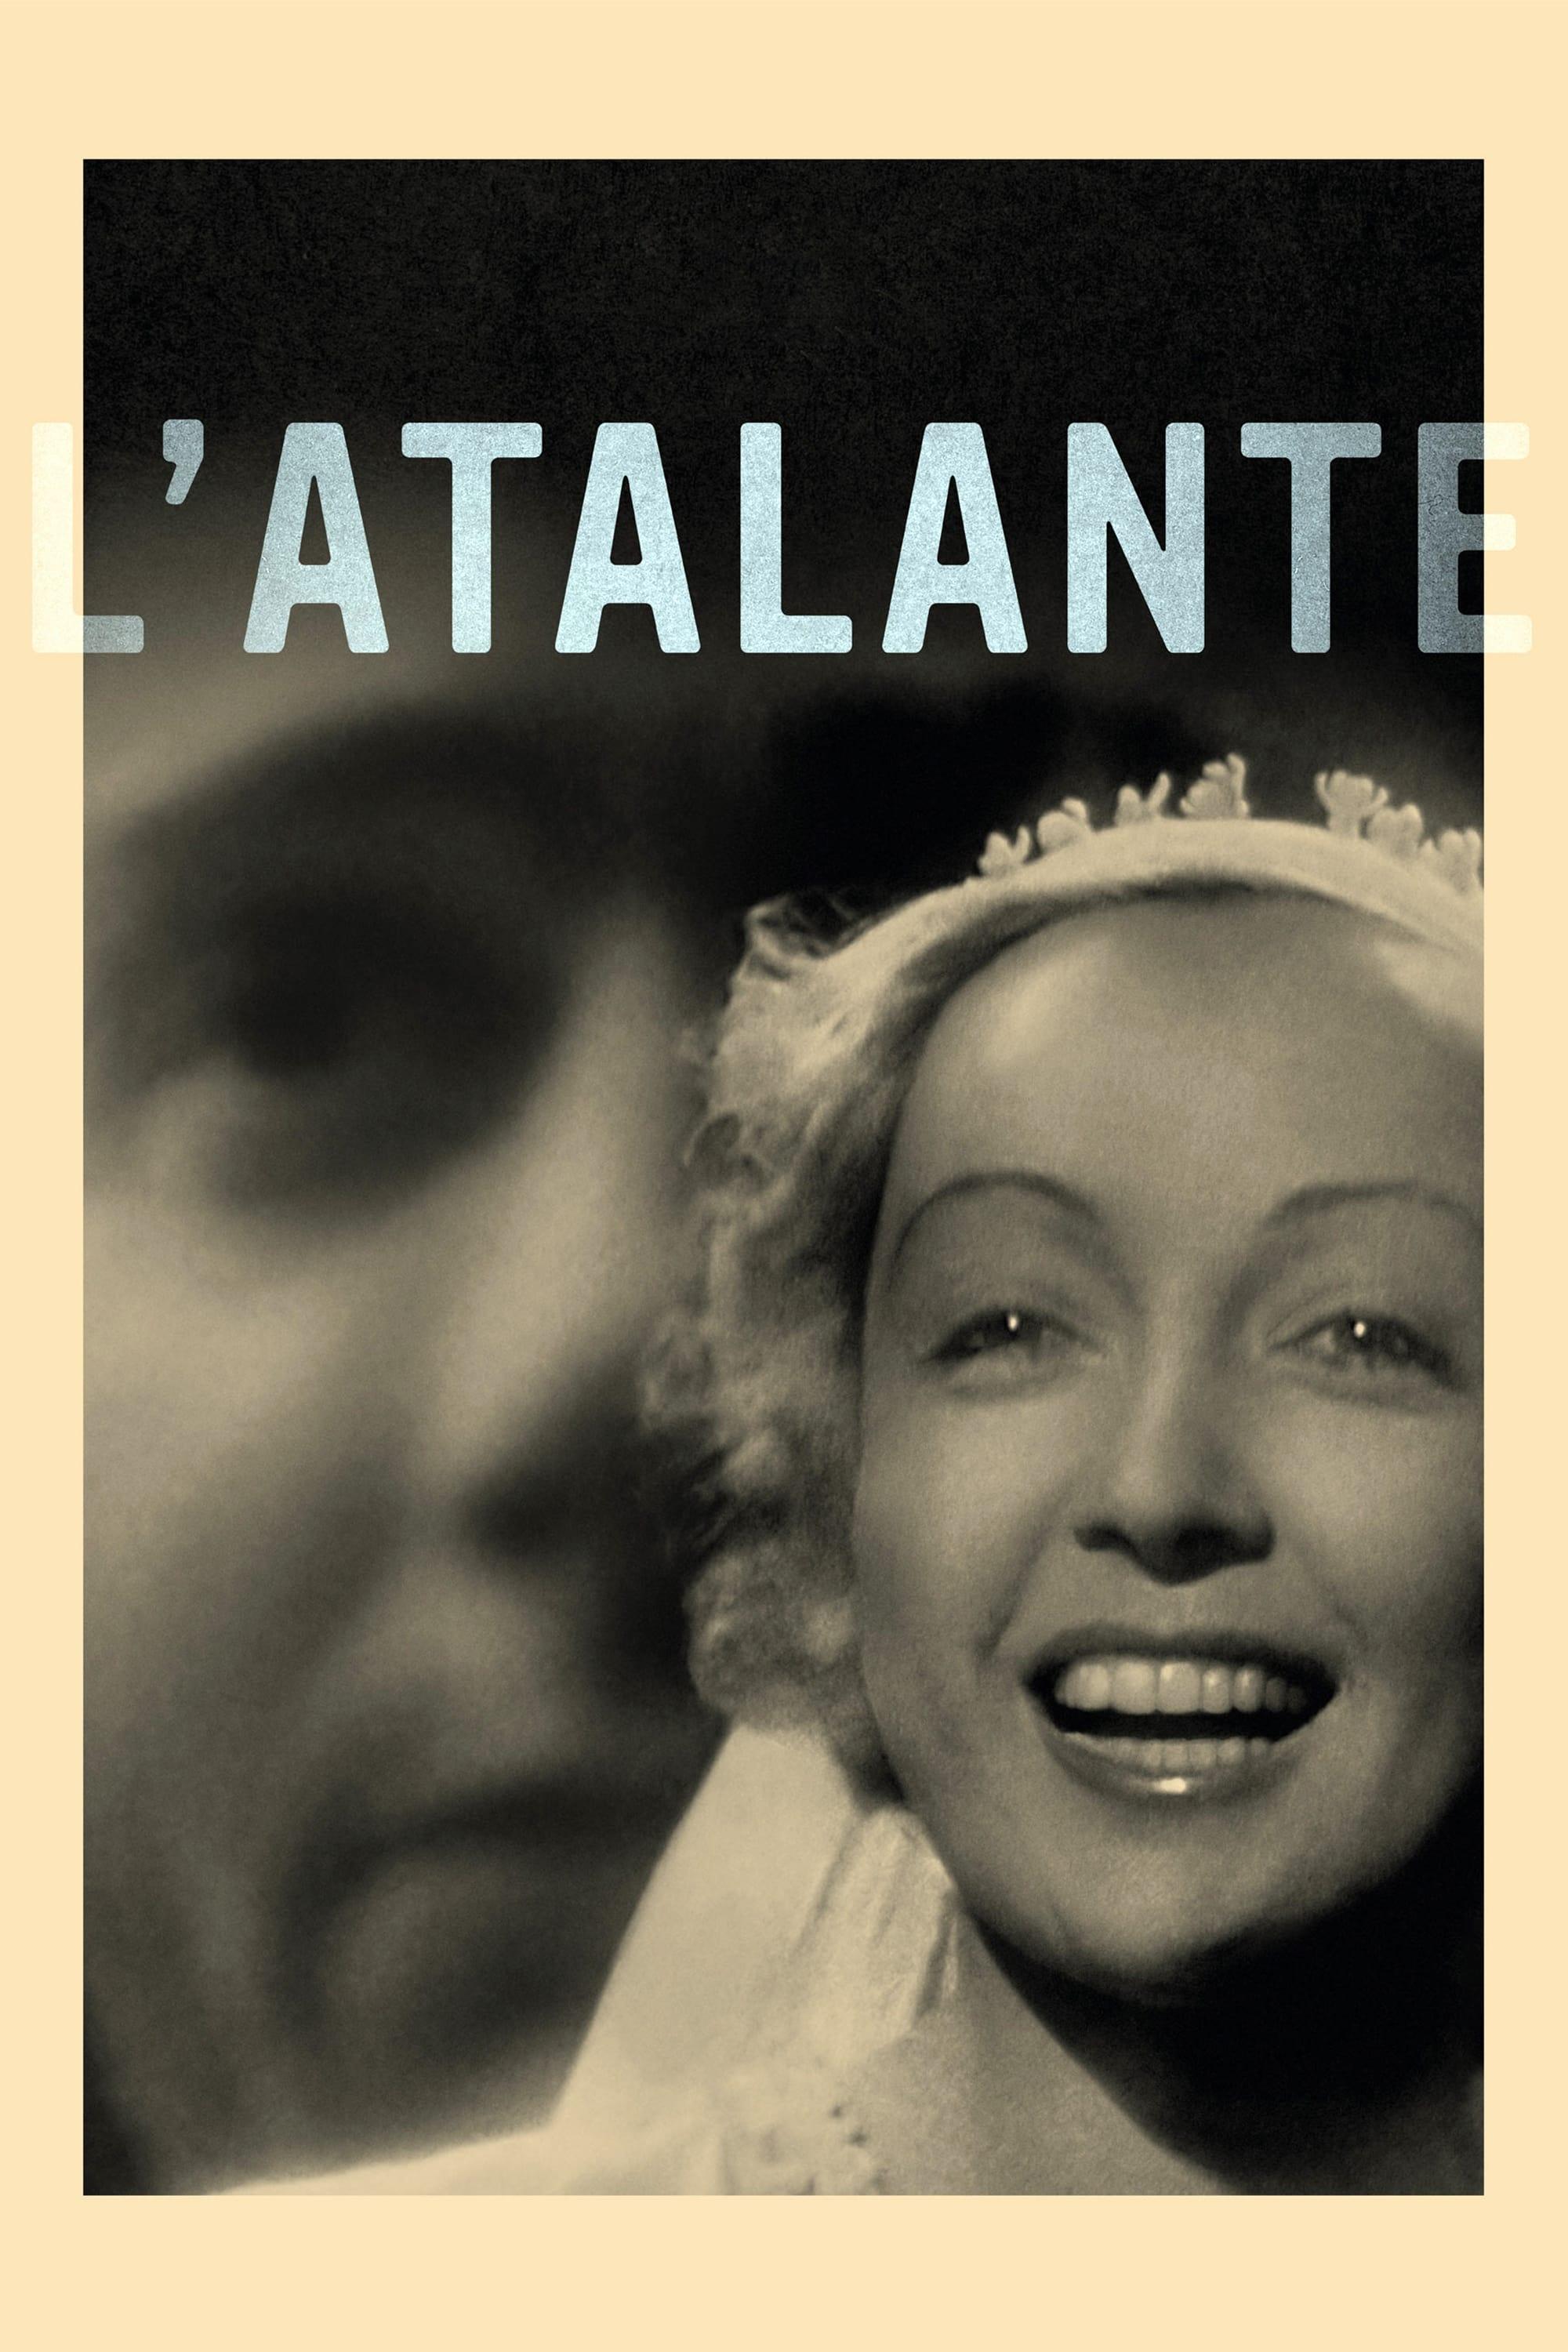 L'Atalante poster
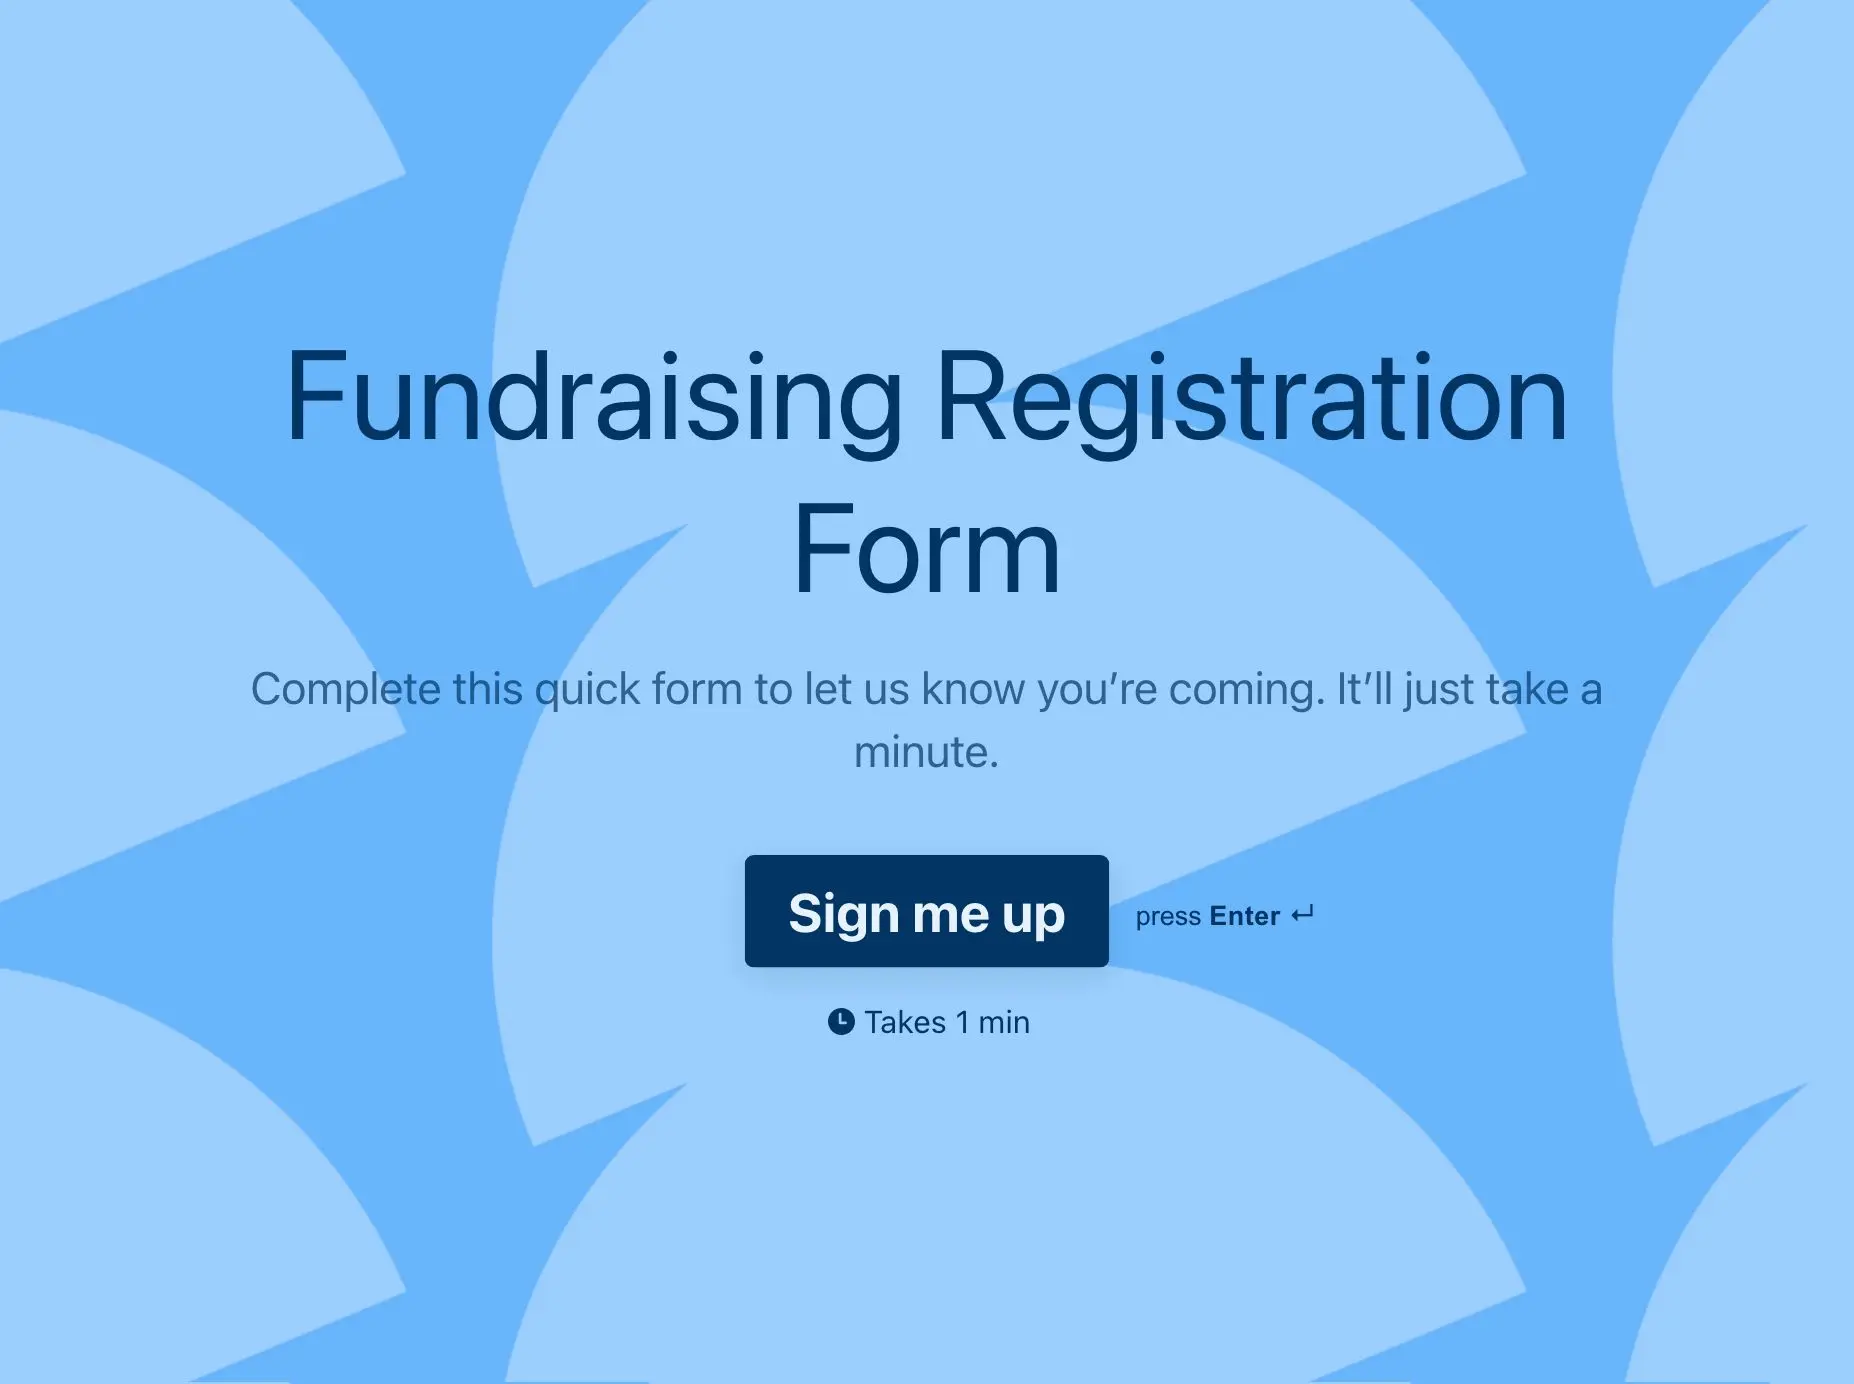 Fundraising Registration Form Template Hero
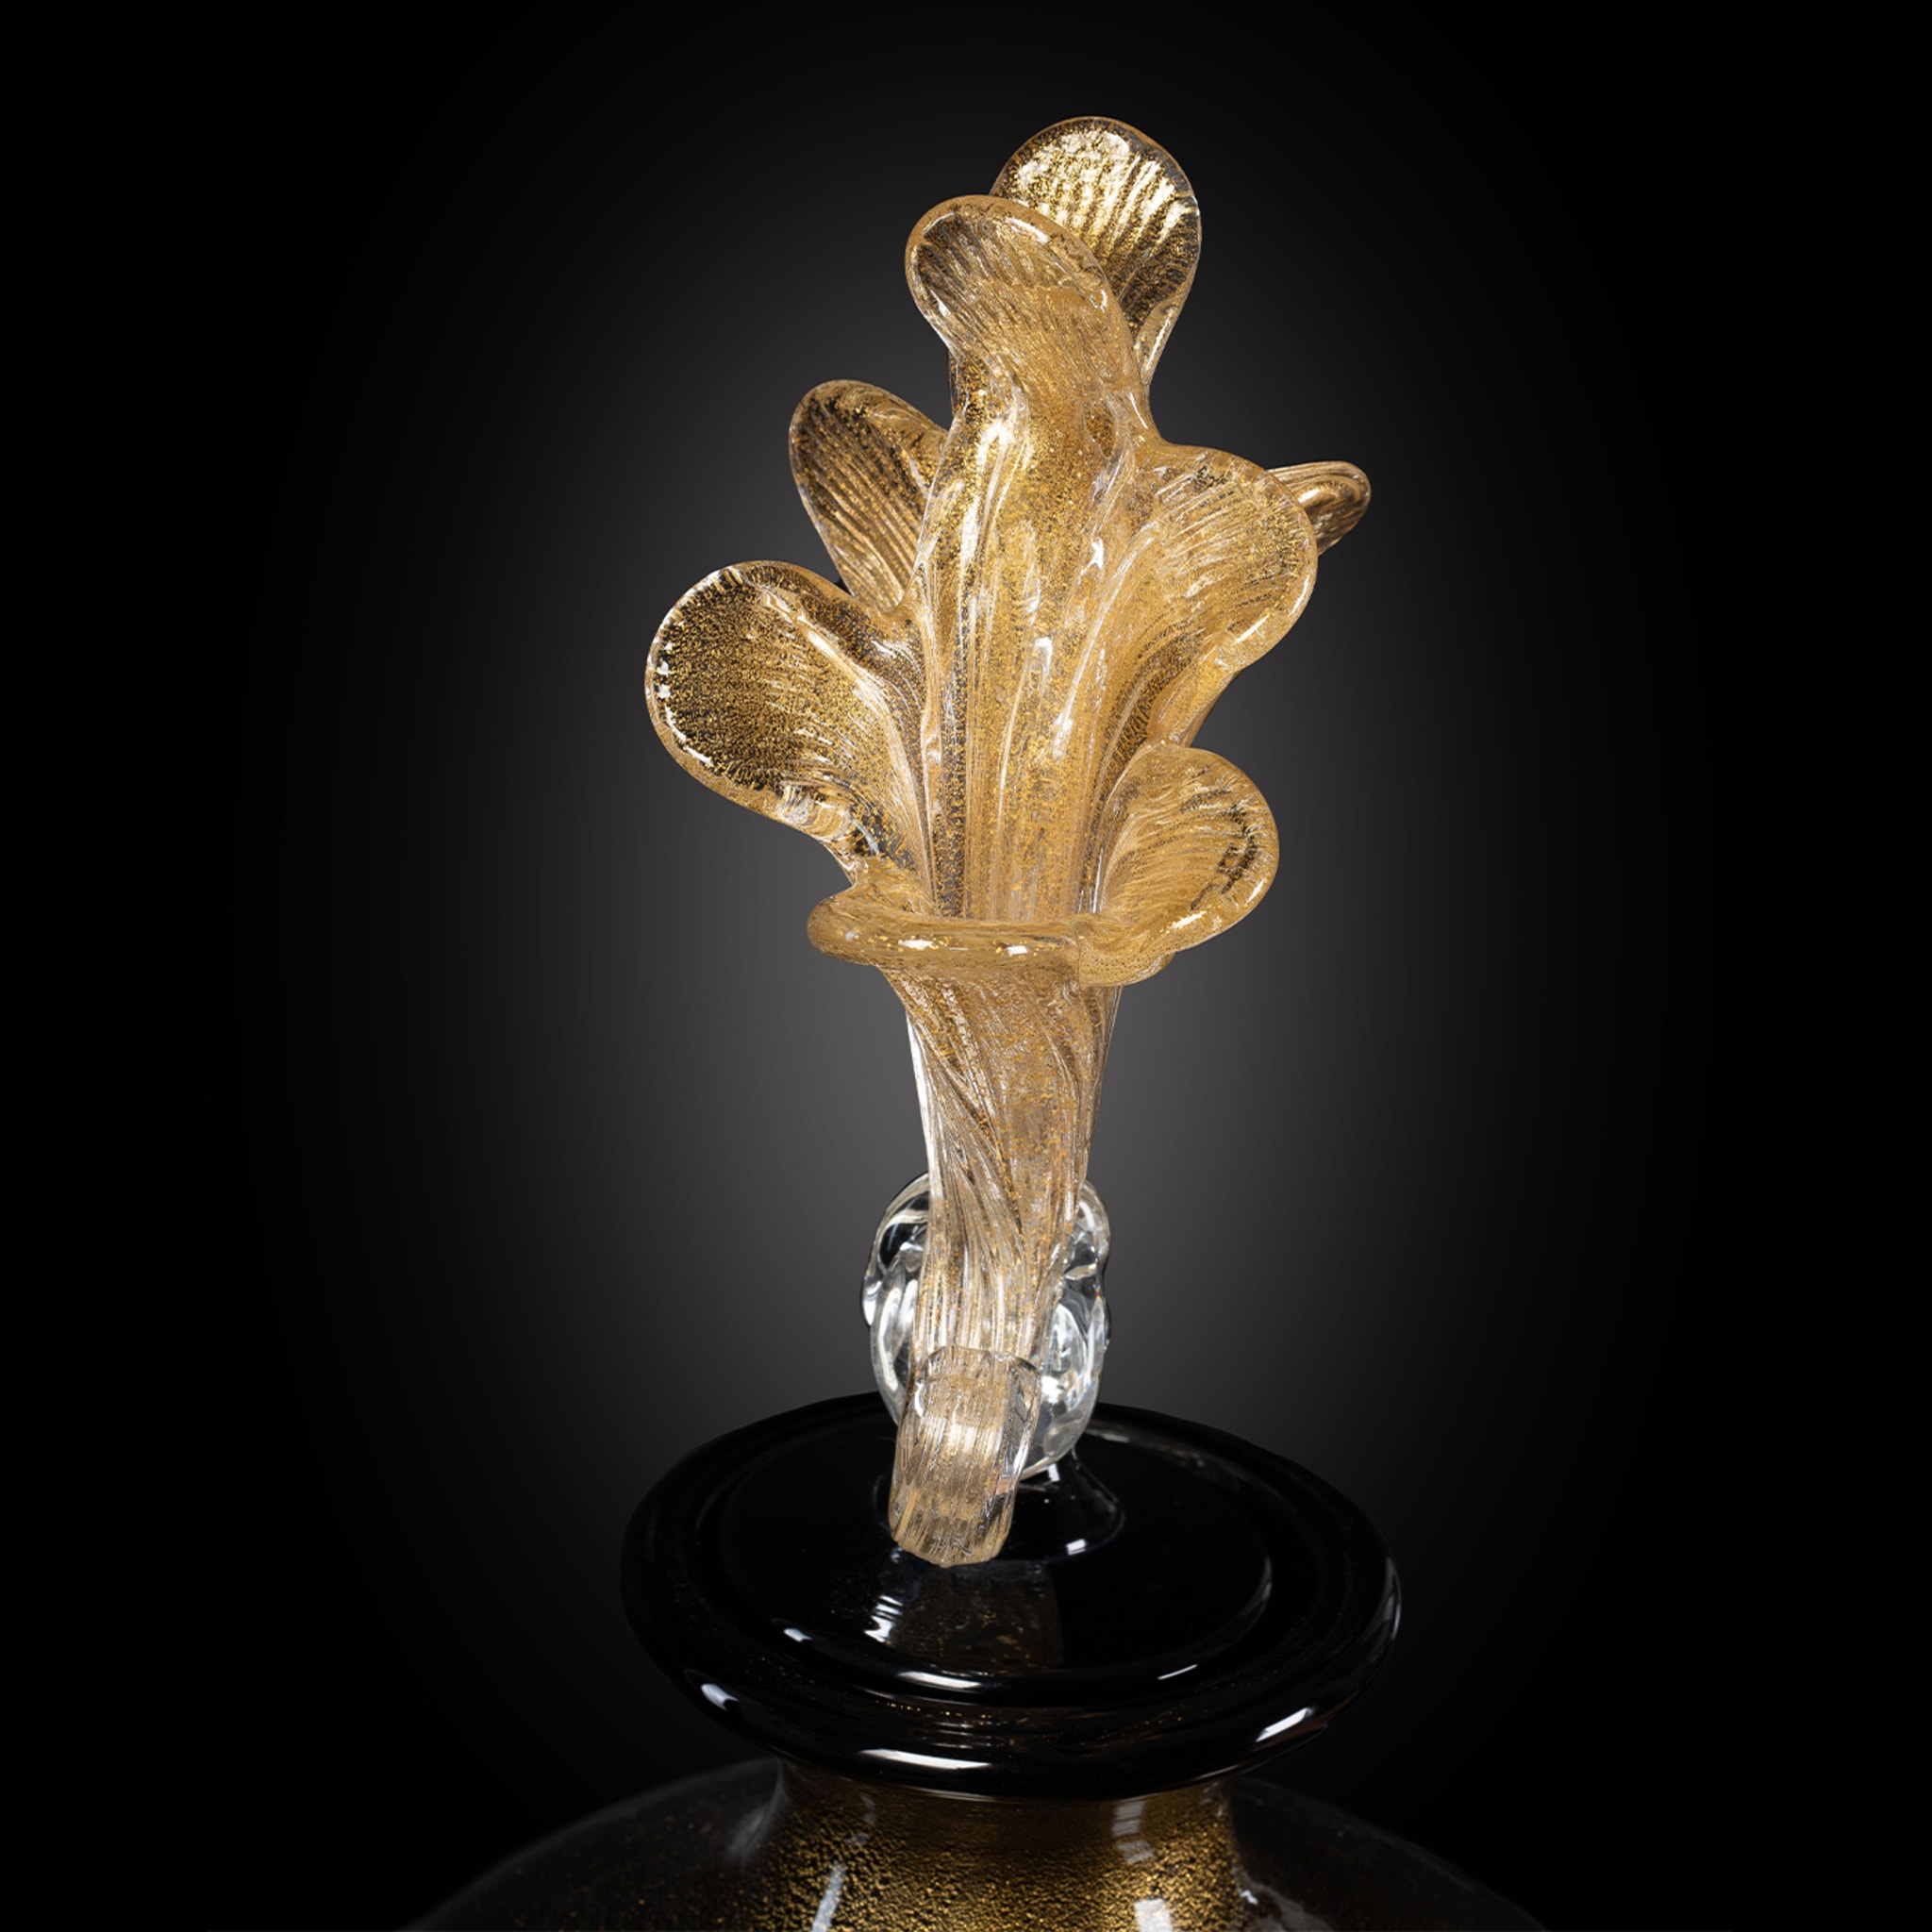 Stmat 24K Black & Gold Footed Vase with Lid - Alternative view 5

* Exercise goal: Output the material above exactly as written and drop any images it holds.

* Answer below:
 L'Atalante poster
 Fundraising Registration Form Template Hero
 Stmat 24K Black & Gold Footed Vase with Lid - Alternative view 5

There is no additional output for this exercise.